Is Your Data Backup and Cybersecurity Ready for Body Cameras?

February 27, 2015

John Miller, Senior Consultant, Sophicity

This article is posted with permission from VC3's blog and shares non-technical, municipal-relevant insights about critical technology issues, focusing on how technology reduces costs, helps better serve citizens, and lessens cybersecurity risks. VC3 is solely responsible for the article’s content.
This article originally appeared on Sophicity's CitySmart blog.

Body cameras for police officers have quickly gone from an expensive novelty to something that cities need to seriously consider. Even the President is now placing pressure on cities and pushing for financial incentives to help pay for body cameras. A recent article from The Arizona Republic points out that body cameras will actually become the norm within 10 years. Like it or not, these technology-intensive cameras will eventually become part of your public safety budget—if they aren’t being considered already.

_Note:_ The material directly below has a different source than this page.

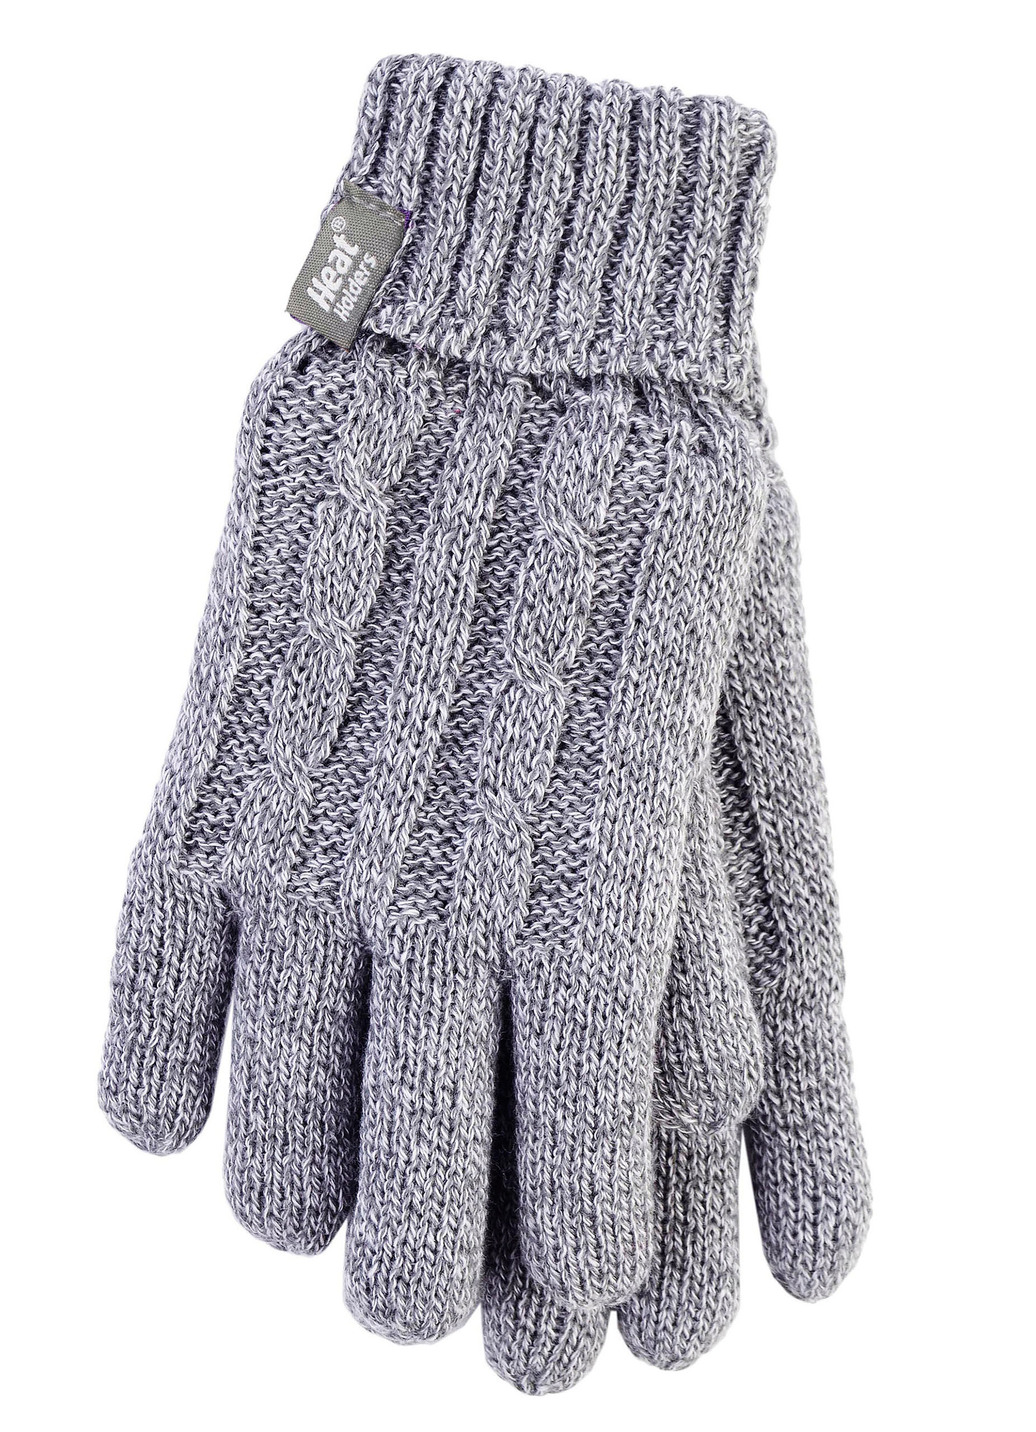 Thermo-Handschuhe von Heat Holders® für mehr Komfort im Winter, Grau, Größe 1 von BADER
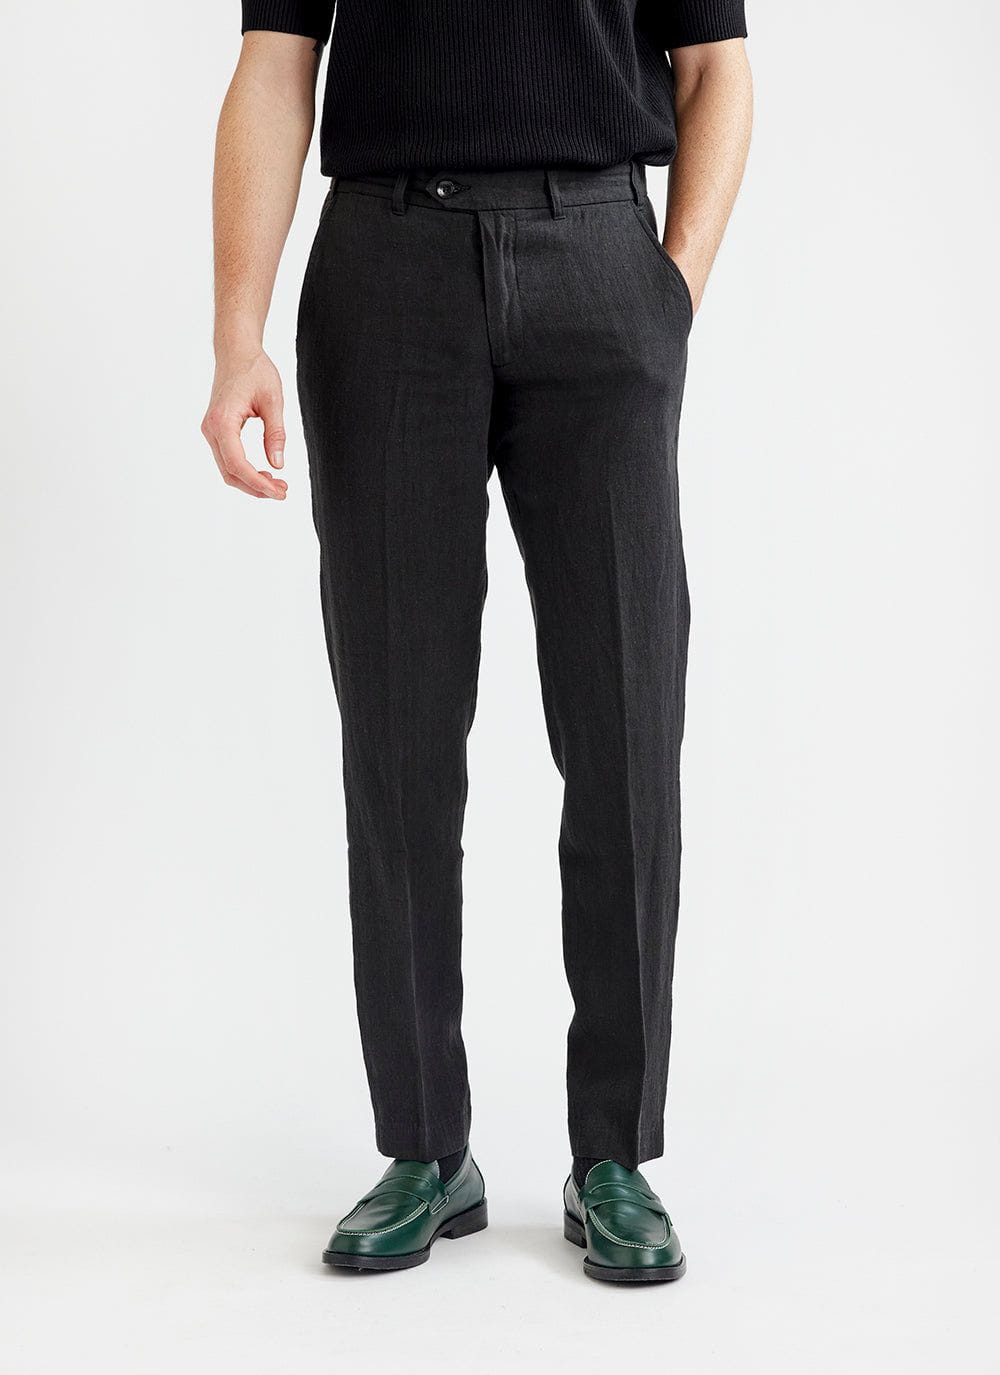 Buy HIGHLANDER Black Striped Slim Fit Regular Trousers for Men Online at  Rs.560 - Ketch

While many articles focus on the cameras, the logistics, and the politics of body cameras, many gloss over the underlying technology. If you’re using, actively planning for, or discussing the use of body cameras for your police officers, then we want to offer up a few questions you need to consider that are easy to overlook.
 
  1. Are you able to back up your data and recover it in case of a disaster? You should be backing up your data anyway, but it becomes even more important to recover from a disaster with all body camera footage data intact. This means a form of onsite backup that provides at least hourly snapshots of your data for quick recovery (in case of a server failure) and offsite backup that ensures you can recover your data in case a fire, flooding, tornado, or other disaster hits your city. Explore cloud solutions that offer unlimited offsite data backup storage under a set monthly cost. Otherwise, your costs could skyrocket out of control if you pay by the gigabyte or have caps to your current data backup storage.
  2. Is your data encrypted and secure? You absolutely don’t want people hacking into police footage from body cameras. This is a good time to review your security. Your body camera data needs to be encrypted onsite, offsite, and while in transit between machines (such as uploading or downloading information). That way, the information will be useless to hackers if they happen to access it. Then, you need to make sure that your network security or cloud provider security follows best practices and is monitored and maintained by experienced IT professionals.
  3. Do you have clear data retention policies that are easy to follow? A modernized storage system can help you store, archive, and find data easily. It helps when your storage repository can help you automate some of the more tedious aspects of retaining and deleting data according to the law. Body camera footage will be requested and demanded by people when a sensitive case arises, and you don’t want to be caught without data that you should actually have on hand. At the same time, you want to clear away as much data as possible if you’re not legally required to keep or store it.
  4. Do you test your ability to retrieve and successfully back up your data? Even given the precautions above, you cannot assume that everything is working properly. You absolutely must test your data backup and security to make sure that you eliminate any severe risk of a data breach or data loss. We recommend testing your data backup and security at least quarterly to make sure that all of your body camera footage is recoverable in case of a disaster and meets information security best practices. It’s becoming less and less excusable (and more embarrassing from a legal and public relations standpoint) when cities claim that data is missing or unrecoverable.
While cities might fear the costs of having to invest in body cameras, the situation gives cities an opportunity to examine the state of their current technology. Many of the questions above don’t just apply to body camera data. Data backup, disaster recovery, record retention, data storage, encryption, security, and testing come into play with all city data and information. Luckily, many of the investments needed are more cost-effective than ever.